Giraffic
- Type: Private
- Industry: Cloud Storage
- Founded: 2008
- Headquarters: Tel Aviv, Israel
- Key people: Yoel Zanger
- Products: Adaptive Video Accelerator (AVA) and Distributed Adaptive Storage & Streaming (DASS)
- Services: Streaming media content delivery acceleration; Mobile-to-mobile file transfer acceleration; Mobile video acceleration
- Website: www.giraffic.com

= Giraffic =

Giraffic is a Tel Aviv-based company that had developed "Adaptive Video Acceleration" (AVA) software to improve the performance of streaming video. It sold primarily to OTT Video Apps Providers and to Consumer Electronics Device Manufacturers, such as LG, ZTE and Samsung.

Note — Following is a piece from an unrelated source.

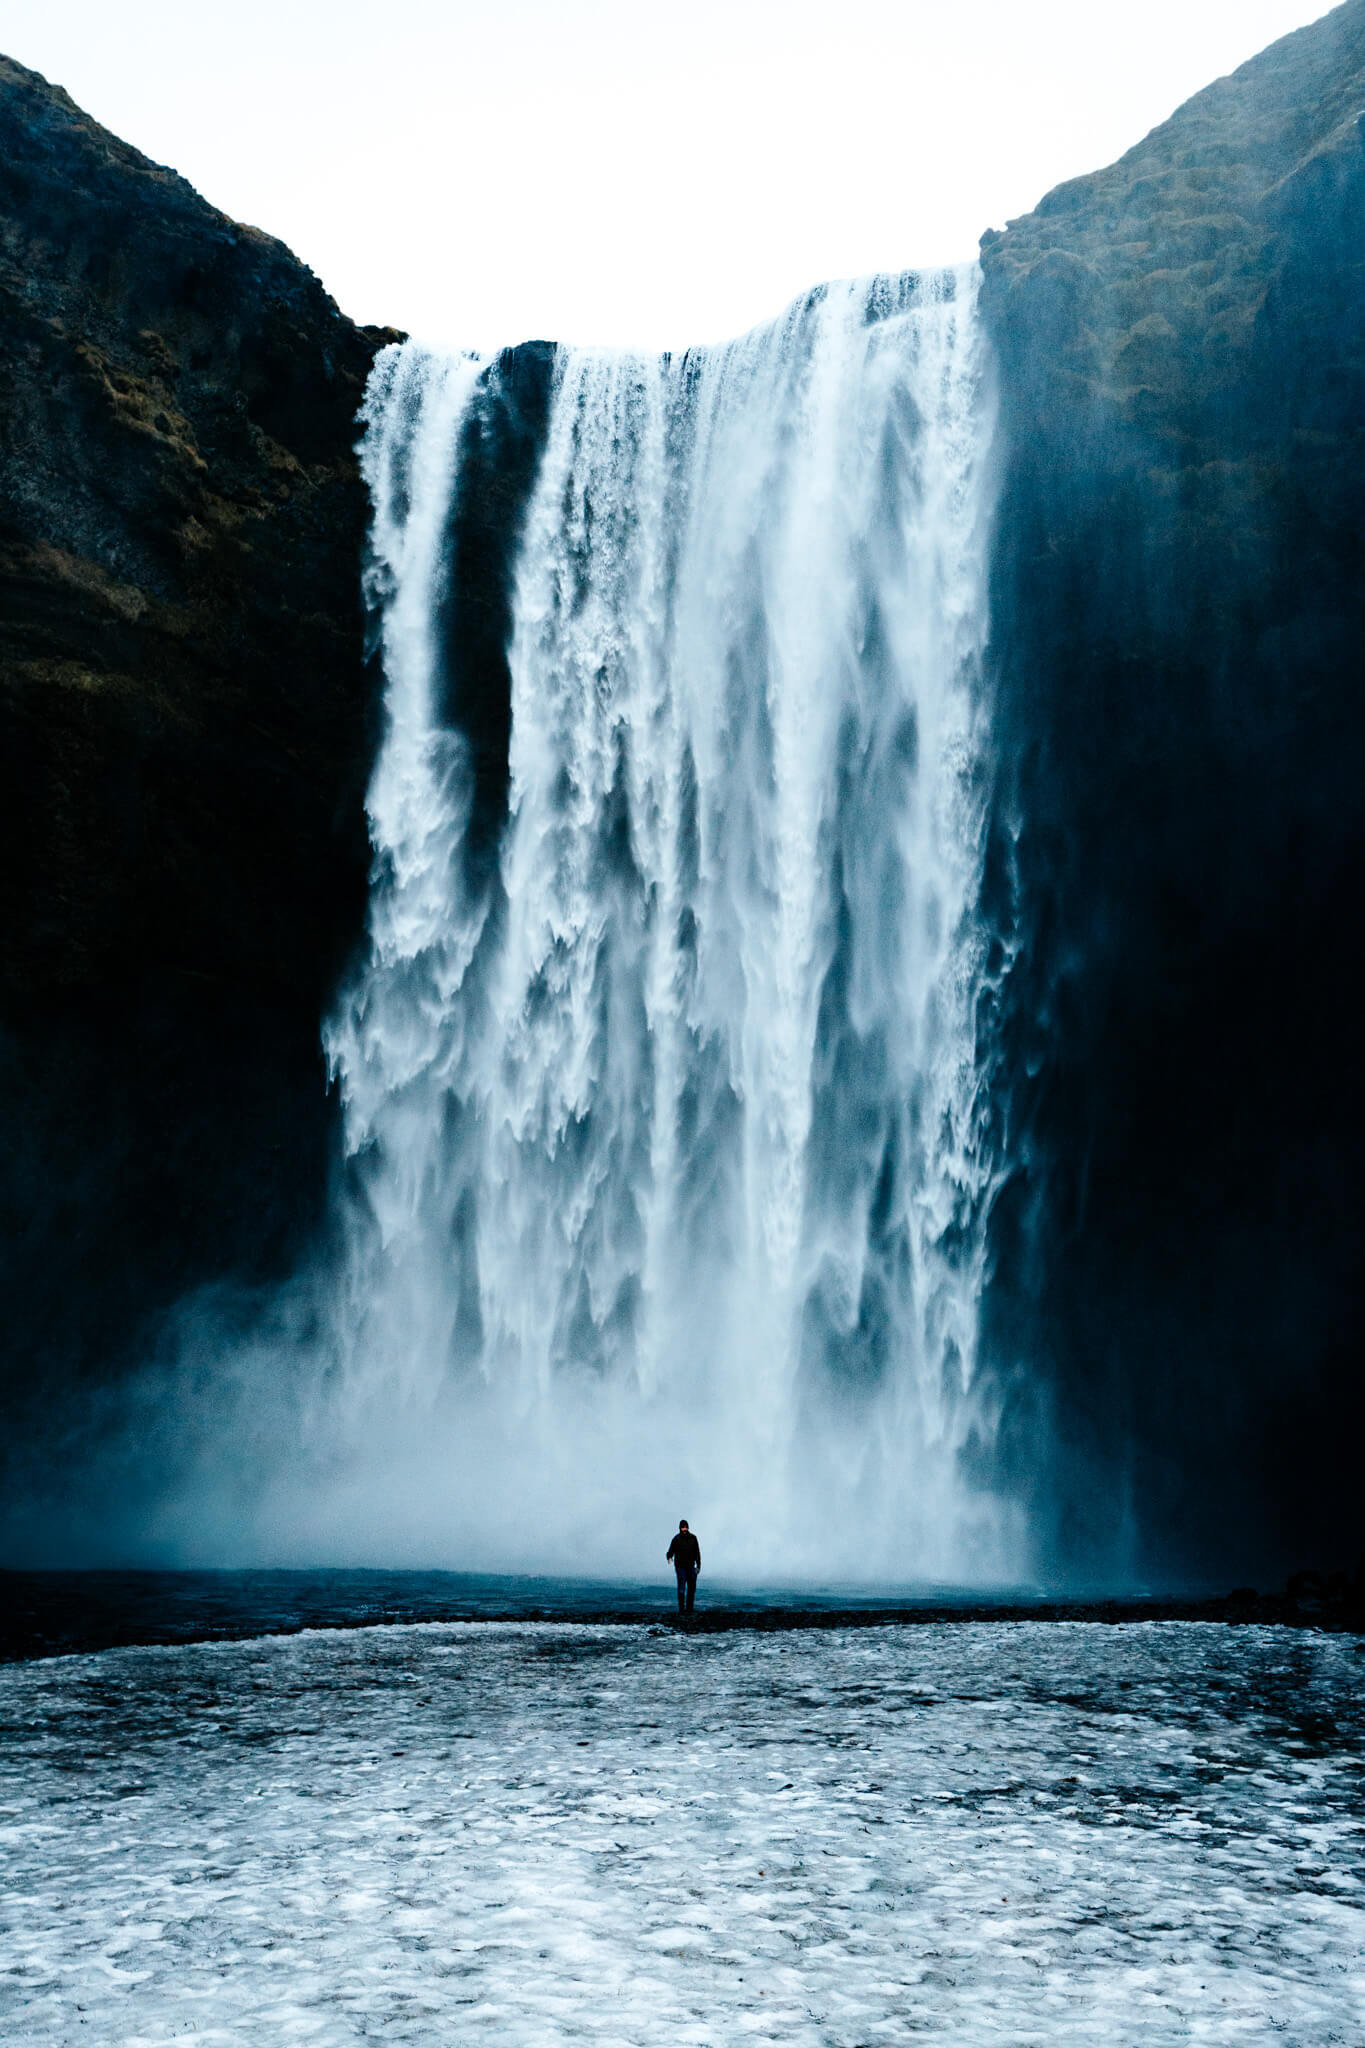 Iceland-Travel-Photography-Natalie-Skoric-5.jpg

Giraffic's AVA technology was acquired in 2019 by Roku, Inc. The Company claimed to continue development of its Distributed Adaptive Storage (DASS) technology towards distributed storage systems, creating a distributed online backup service for consumers based on blockchain technology.

==History==
The company was founded in 2008 by Gil Gat, Boris Malamud and Yoel Zanger. Prior to co-founding Giraffic, Yoel Zanger co-founded New-Tone Technologies, a value-added services platform for mobile applications based on advanced voice and data technologies.

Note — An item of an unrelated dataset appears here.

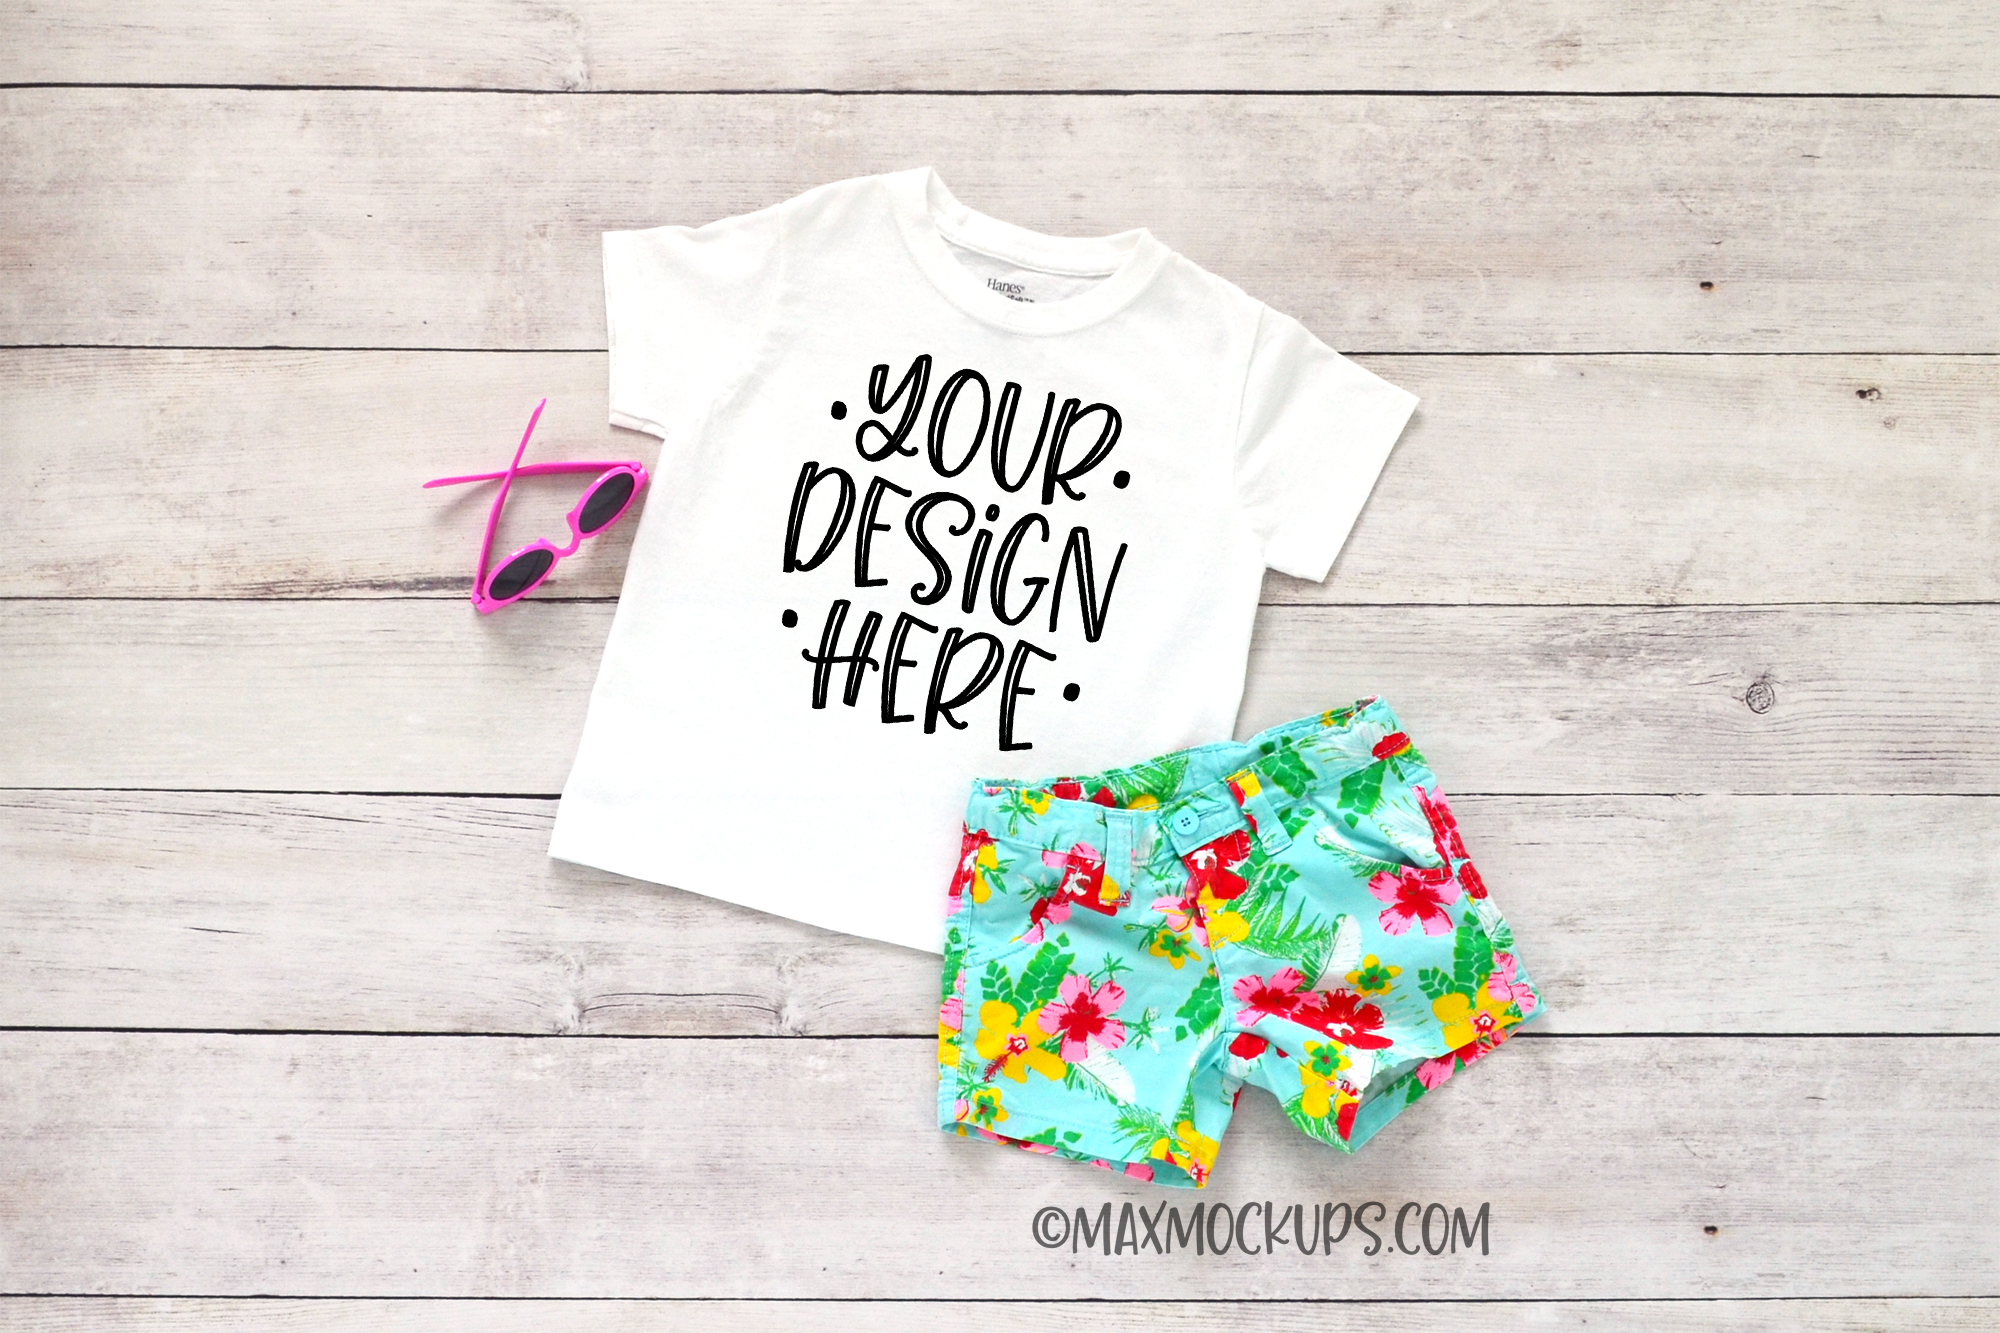 White Kids Shirt Mockup Shorts And Sunglasses

Giraffic was headquartered in Tel Aviv, Israel. Prior to its 2019 acquisition by Roku, it had sales offices in the United States, Korea, and Hong Kong. Key personnel included Menashe Rothschild, Jeffrey Parkinson, Bhupen Shah, Anton Monk, Gregg Bernard, Mitch Singer, and Levy Gerzberg. Investors included KEC Ventures, Samsung Ventures and Previz Ventures.

==Technologies==
Giraffic's Adaptive Video Acceleration (AVA) software debuted at CES 2015, where the company demonstrated its video product on Samsung Smart TVs, Broadcom IP set-top boxes, and Intel Puma Home Gateway.

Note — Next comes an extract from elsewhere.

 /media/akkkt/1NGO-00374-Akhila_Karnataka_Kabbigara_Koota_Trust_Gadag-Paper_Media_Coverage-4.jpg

Giraffic's Distributed Adaptive Storage and Streaming (DASS) software was deployed 2010–2012 as a peer-to-peer Content Delivery Network (P2P-CDN) by video websites including Veoh.com, Mako.co.il and Craze Digital. In 2020 the company pivoted this technology towards development of distributed online backup service for consumers.

== Patents ==
- US Patent 14/287,276 IL 231685 SYSTEM AND METHOD FOR PREDICTIVE BUFFERING AND NETWORK SHAPING
- US Patent 9306860. A congestion control method for dynamically maximizing communication link throughput. Filing date, October 14, 2013
- US Patent 8473610. Proactive Storage. Filing date, June 22, 2011
- . Asynchronous data streaming in a distributed network. Issued March 1, 2012

==Partners==
Samsung and LG use Giraffic's Adaptive Video Acceleration (AVA) technology.

==Competition==
Companies who competed with Giraffic included Akamai and Google.